An amount of land equivalent to the Isle of Wight has been added to the shorelines of 13,000 islands around the world in just the last 20 years. This fascinating fact of a 369.67 square kilometre increase has recently been discovered by a group of Chinese scientists analysing both surface and satellite records. Overall, land was lost during the 1990s, but the scientists found that in the study period of three decades to 2020 there was a net increase of 157.21 km2. The study observed considerable natural variation in both erosion and accretion. Of course, the findings blow holes in the poster scare run by alarmists suggesting that rising sea levels caused by humans using hydrocarbons will condemn many islands to disappear shortly beneath rising sea levels. By means of such flimsy scare tactics, as we have seen in many other cases, desperate attempts are made to terrify global populations to accept the insanity of the Net Zero collectivisation.

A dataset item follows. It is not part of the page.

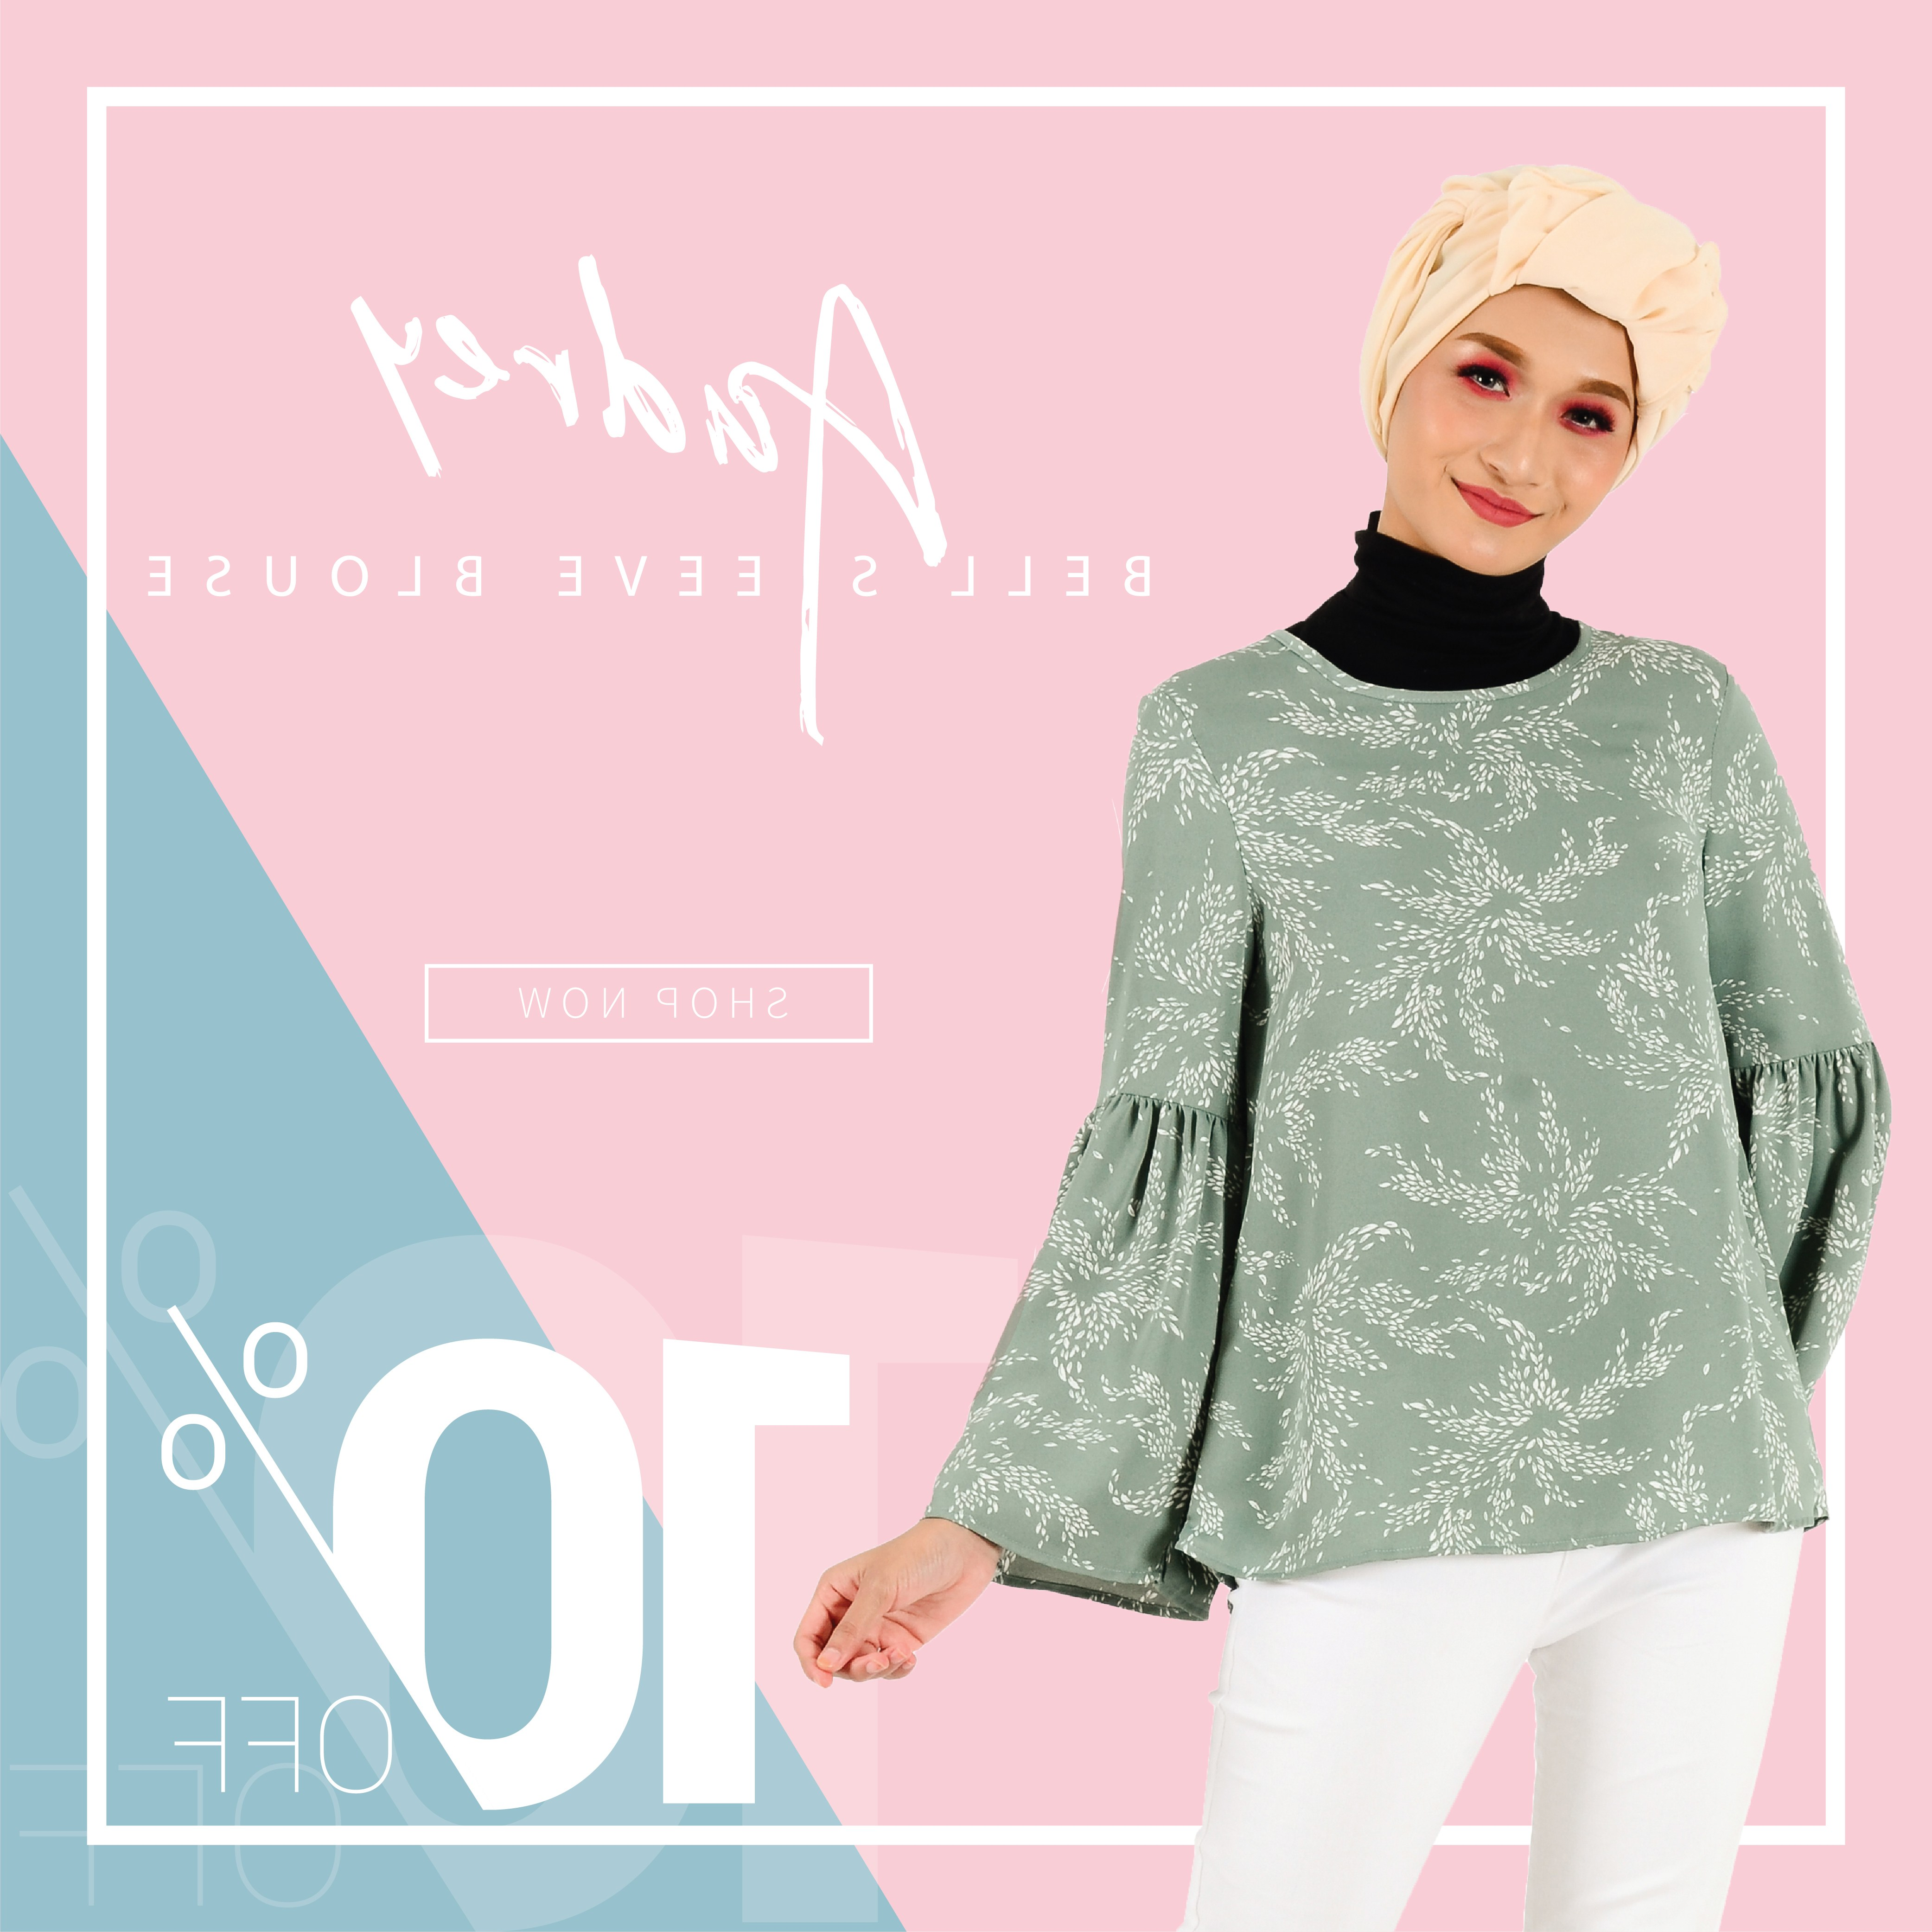 Design Baju Pengantin Muslimah Elegan 9ddf Mytrend S Muslimah Fashion Blog

The scientists said their data suggested that sea-level rise has not been a widespread cause of erosion for island shorelines in the studied regions.
“Presently, it is considered one of the contributing factors to shoreline erosion but not the predominant one,” they explained.
Needless to say, none of this will detain the attention of climate hysterics in both mainstream media and politics.
The Guardian was in fine form last June stating that rising oceans will extinguish more than land.
“It will kill entire languages,” it added, noting the effect on Pacific islands such as Tuvalu. Those areas of the Earth that were most hospitable to people and languages are now becoming the “least hospitable”.
Silly emotional Guardianista guff of course, but happily it does not seem to apply to Tuvalu.
A recent study found that the 101 islands of Tuvalu had grown in land mass by 2.9%.